EXTRACTED MATERIAL:
┌──

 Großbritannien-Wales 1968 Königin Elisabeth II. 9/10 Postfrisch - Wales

└──
┌──

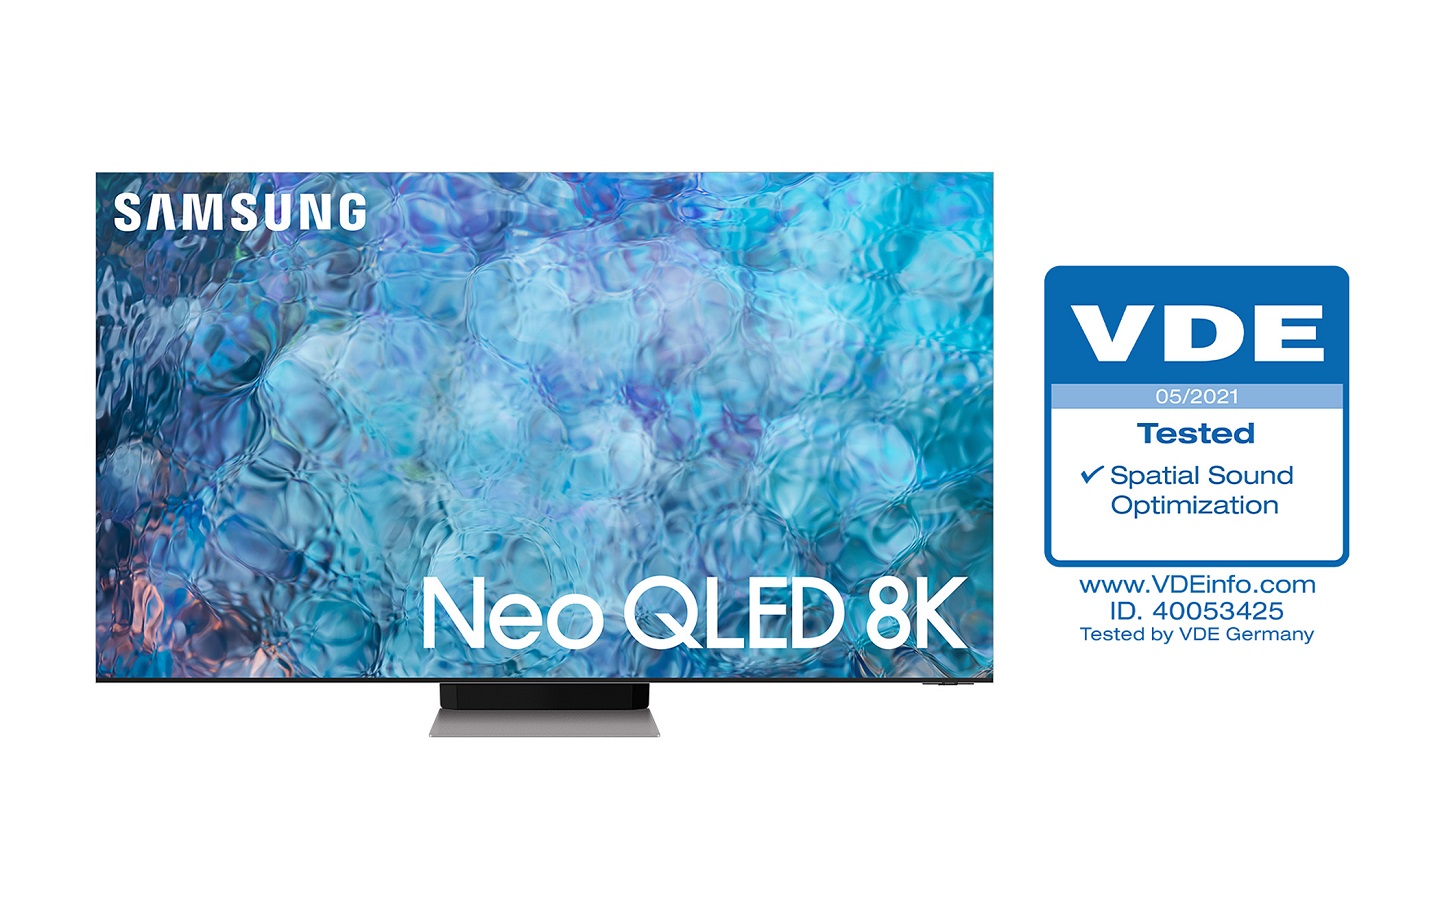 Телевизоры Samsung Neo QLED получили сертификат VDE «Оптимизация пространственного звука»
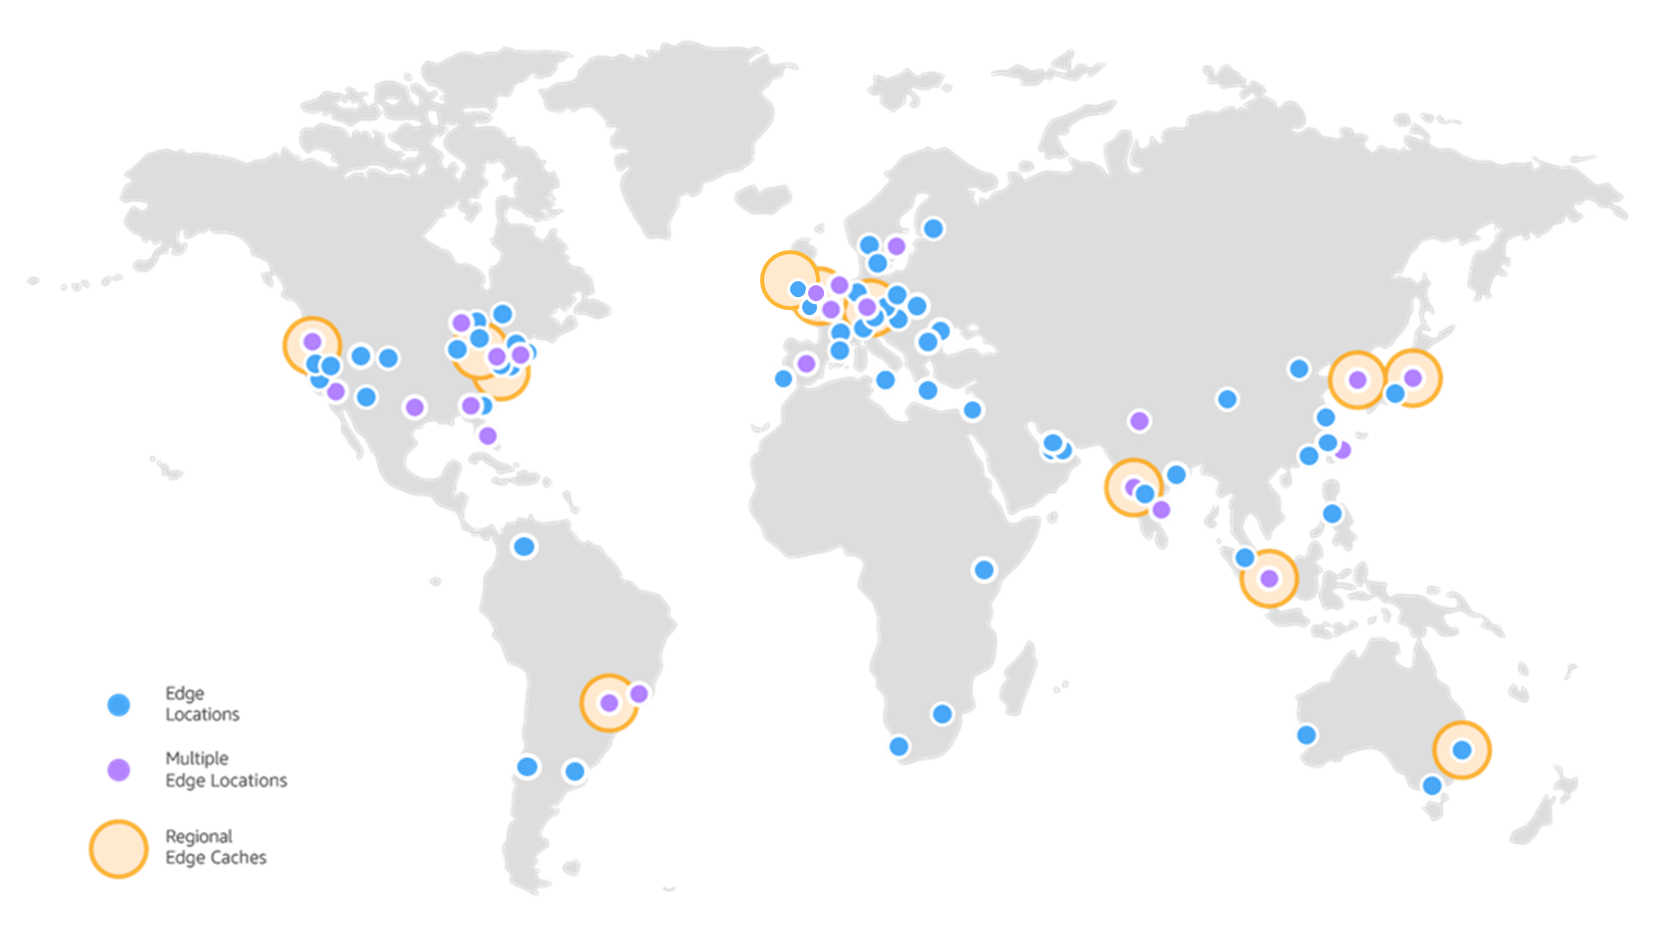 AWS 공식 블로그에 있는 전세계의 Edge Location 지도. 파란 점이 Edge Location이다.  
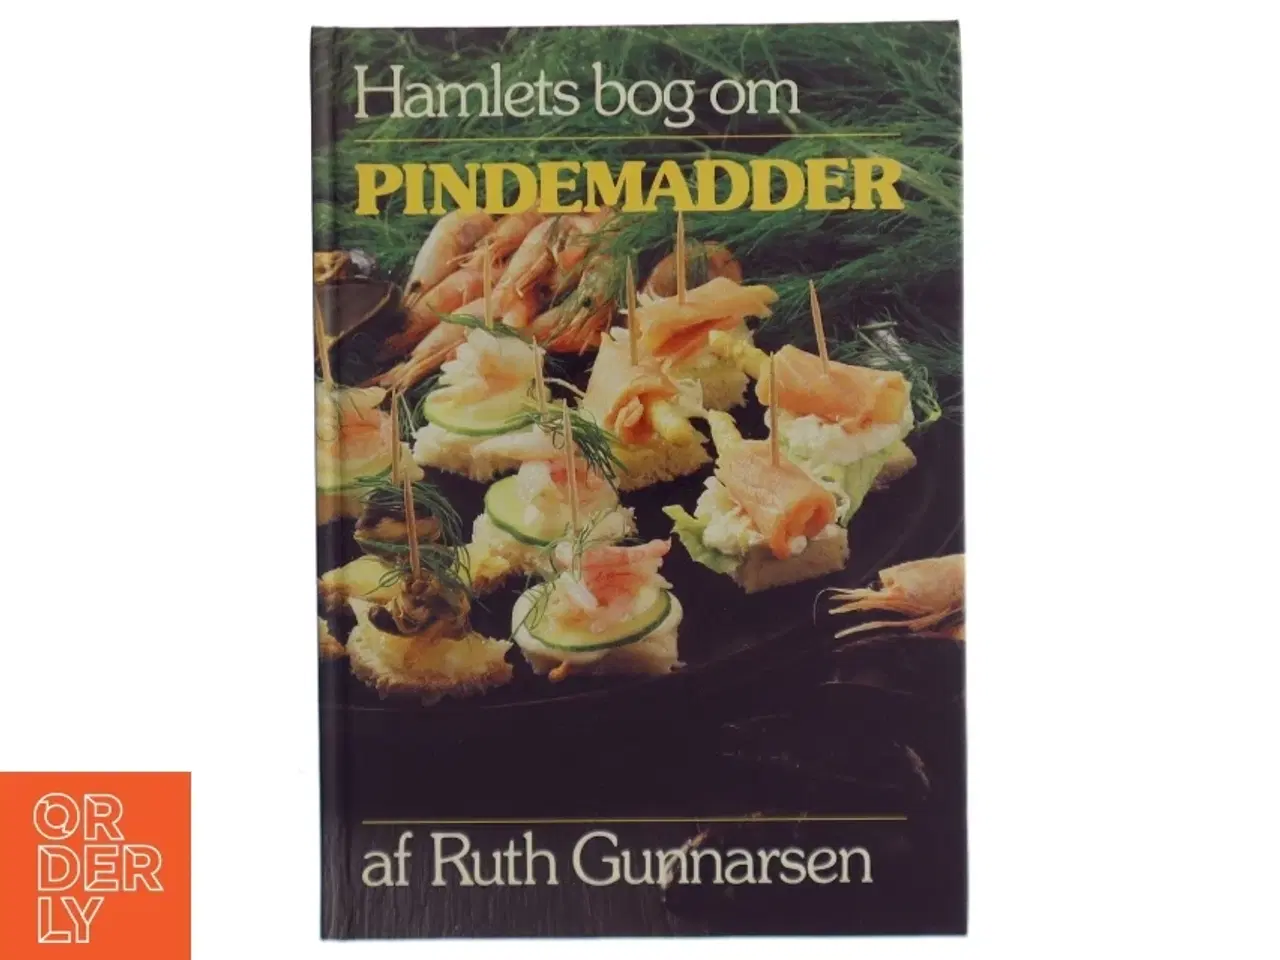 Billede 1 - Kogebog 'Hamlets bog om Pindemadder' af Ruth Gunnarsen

└──
┌──

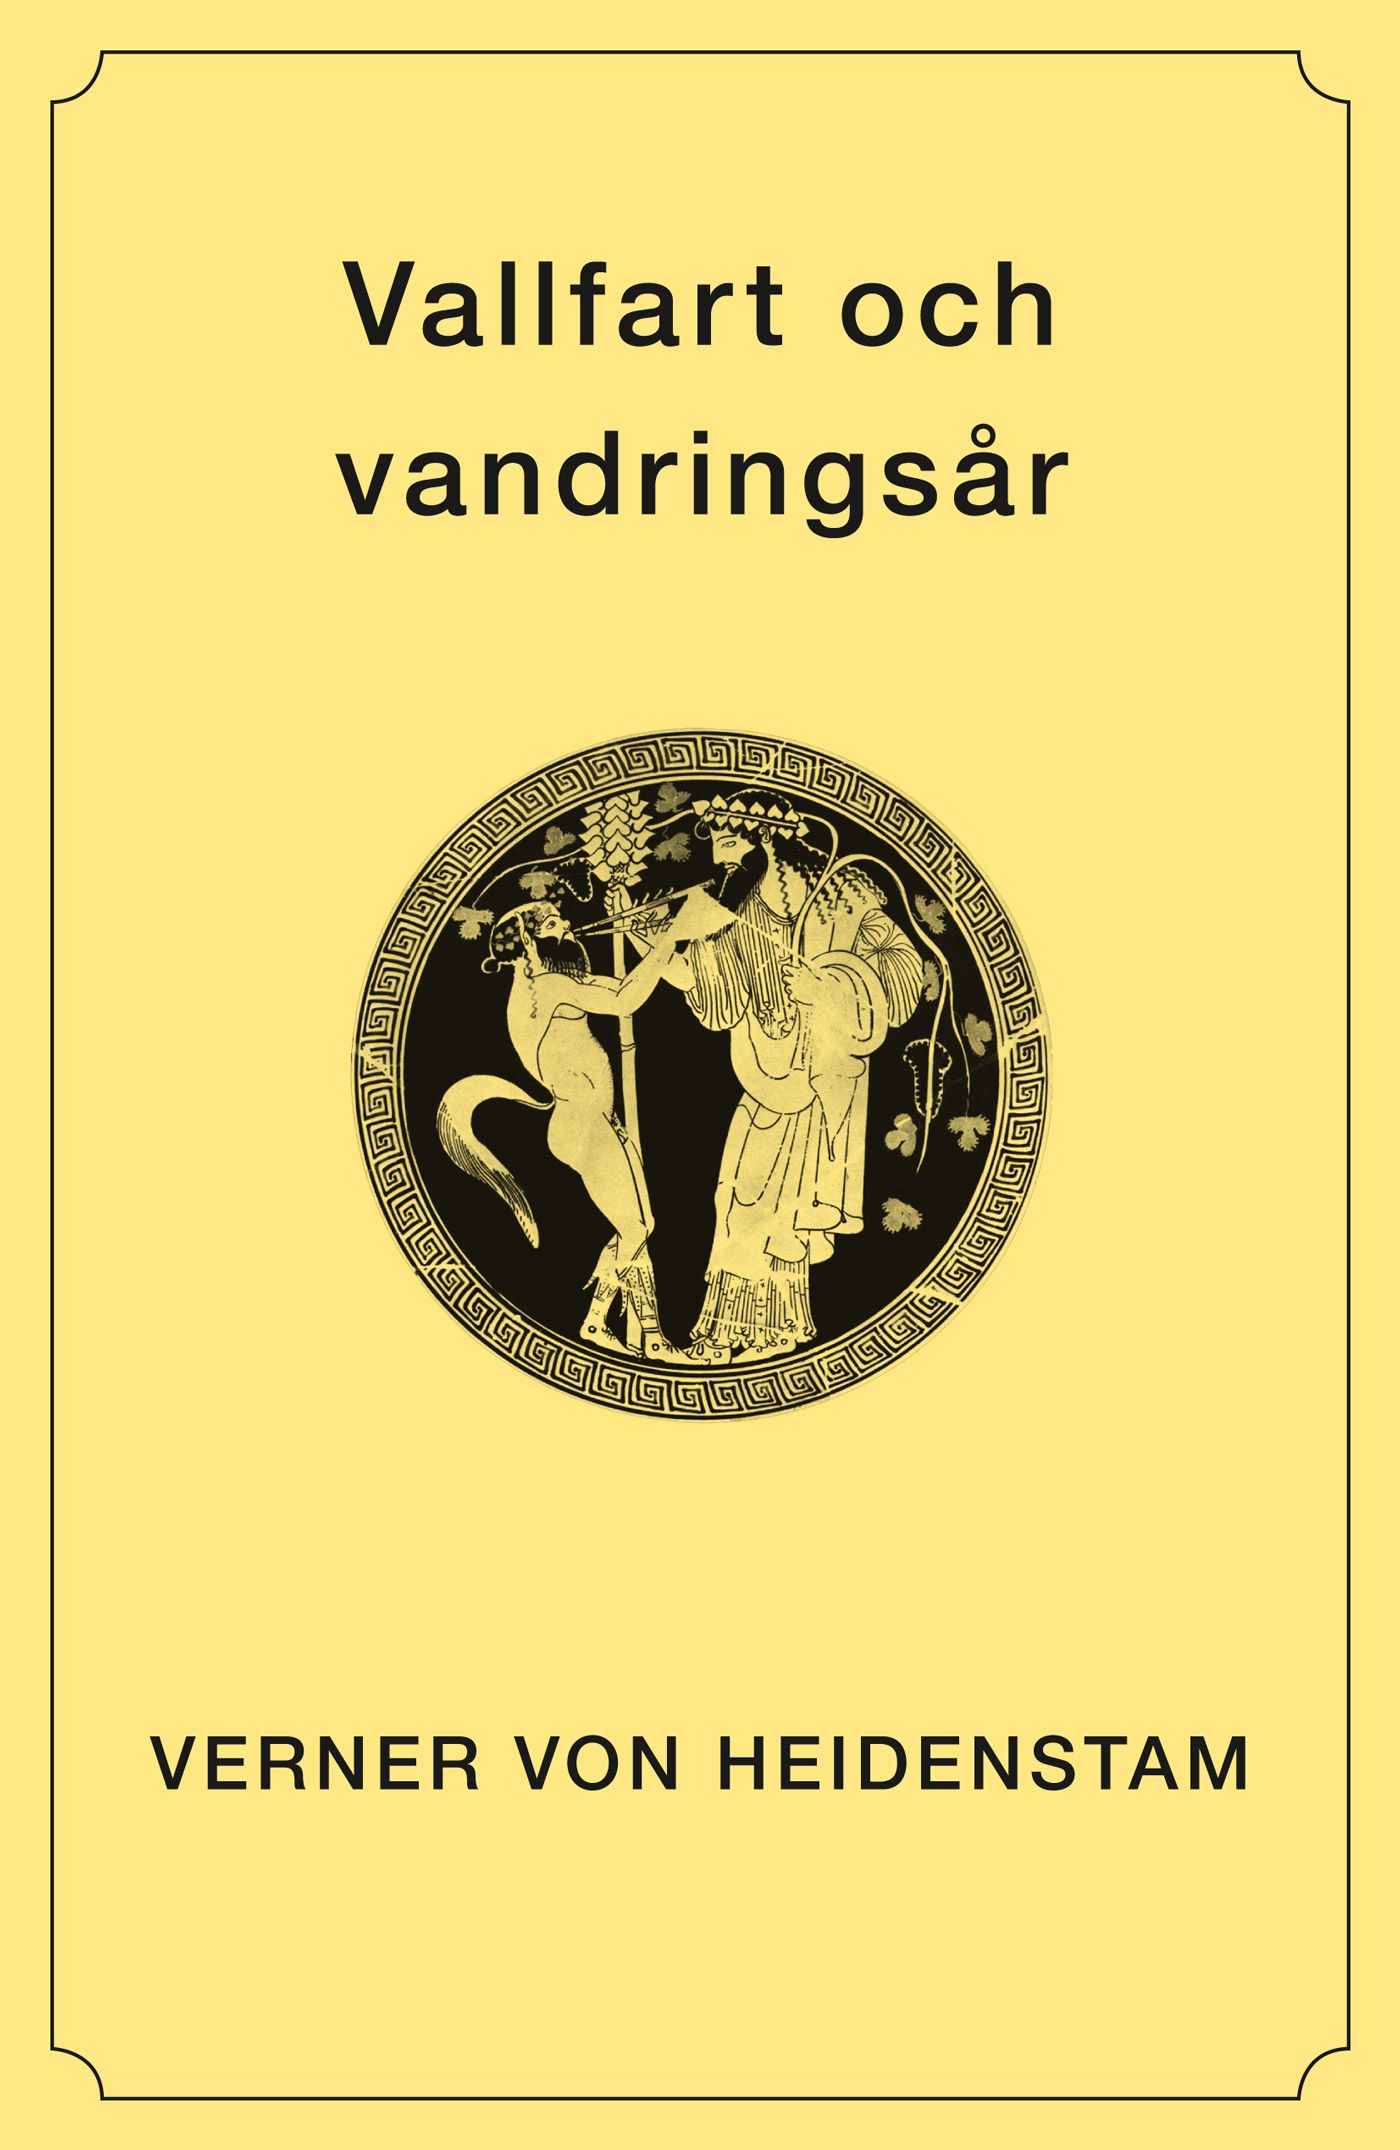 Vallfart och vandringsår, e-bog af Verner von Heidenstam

└──

WORK ITEM: The output is the stretch above from the line with "AWS 공식 블로그에" through the line with "Billede 1 - Kogebog", copied word for word with both ends kept and every picture dropped.

ANSWER SECTION:
 AWS 공식 블로그에 있는 전세계의 Edge Location 지도. 파란 점이 Edge Location이다.  
 Billede 1 - Kogebog 'Hamlets bog om Pindemadder' af Ruth Gunnarsen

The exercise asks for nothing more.